Accordingly, his strategic plan for 1864 called for putting five Union armies into motion simultaneously against the Confederacy. While three smaller armies in peripheral theaters (Nathaniel Banks against Mobile, Franz Sigel in the Shenandoah Valley, and Ben Butler moving toward Richmond via the James River) tied down significant Confederate forces, preventing them from shifting troops from one theater to another, the two main armies, Meades Army of the Potomac and William Tecumseh Shermans army group at Chattanooga, would lock horns respectively with Robert E. Lees Army of Northern Virginia and Joe Johnsons Army of Tennessee on the road to Atlanta. The simultaneous advance of several armies is called concentration in time.

 

As general in chief, Grant chose to accompany Meade as he took on Lee. For nearly 40 days, the Army of the Potomac and the Army of Northern Virginia were in nearly constant contact at the Wilderness, Spotsylvania, North Anna, and Cold Harbor.

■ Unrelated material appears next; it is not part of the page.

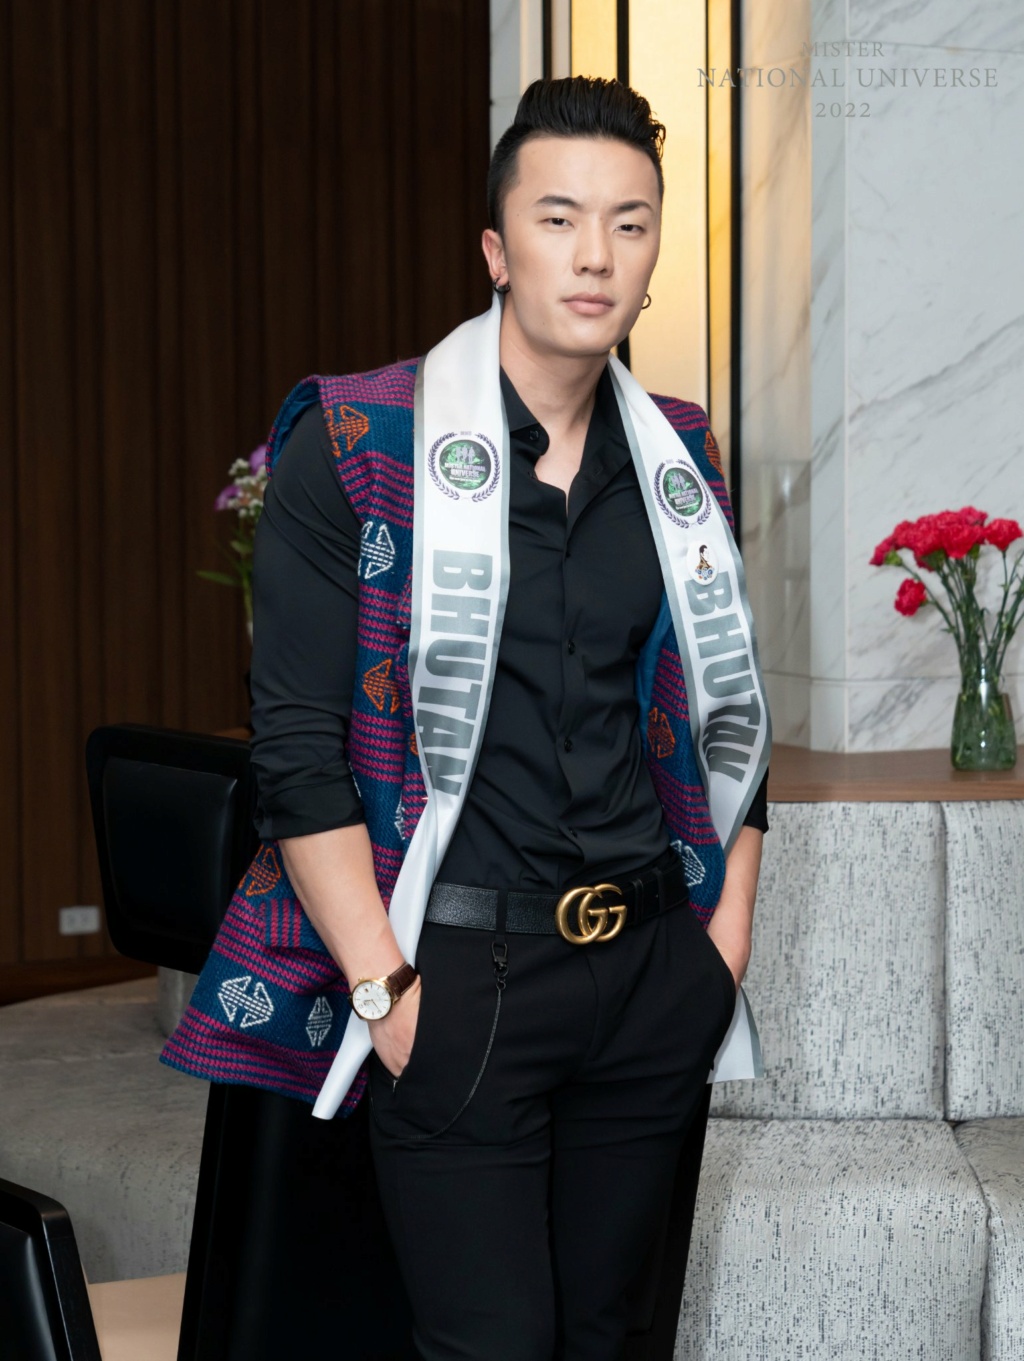 Mister National Universe 2022 is Việt Hoàng from Vietnam 28506110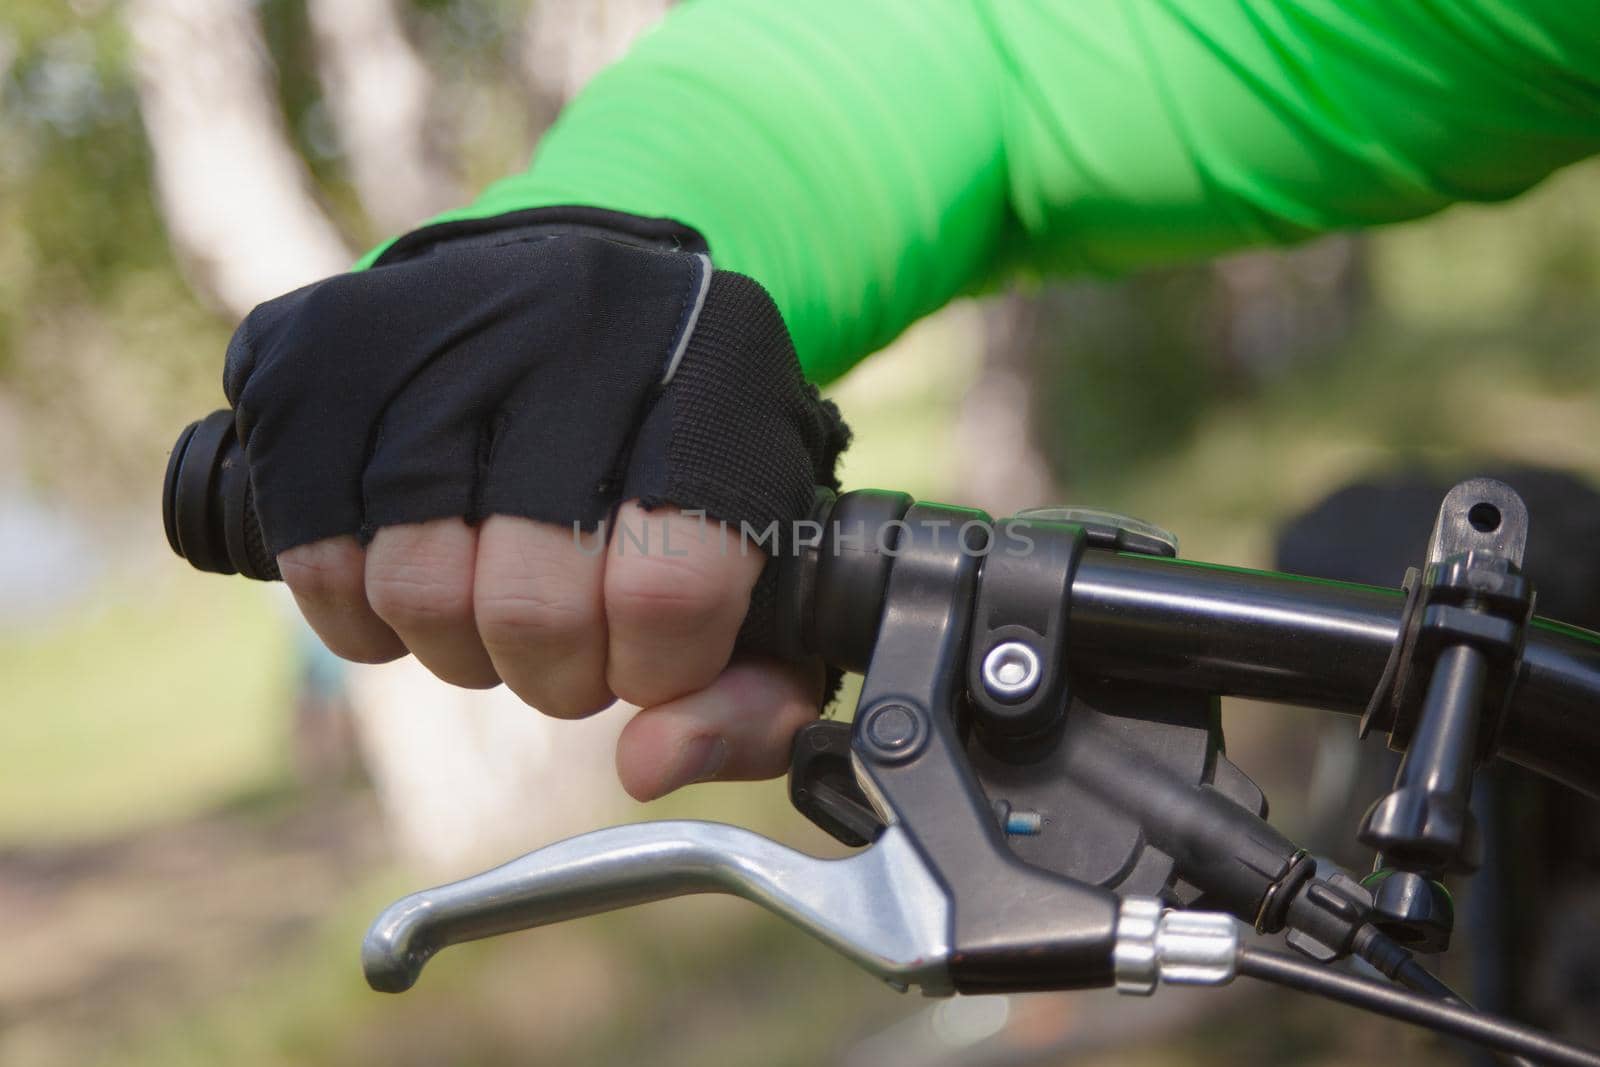 A gloved hand holds the handlebars firmly. High quality photo

The 1864 Virginia campaign has led some to dismiss Grant as a butcher, but the truth of the matter is far more complex. This campaign demonstrated that Grant, unlike his predecessors, understood what it would take to defeat the Confederacy. As Grant wrote to Secretary of War Edwin Stanton after the war had ended, he believed that peace would come only when the military power of the rebellion was entirely broken. . . . I therefore determined . . . to hammer continuously against the armed forces of the enemy and his resources, until by mere attrition, if in no other way, there should be nothing left to him but an equal submission with the loyal section of our common country to the constitution and laws of the land.

 

(Snip)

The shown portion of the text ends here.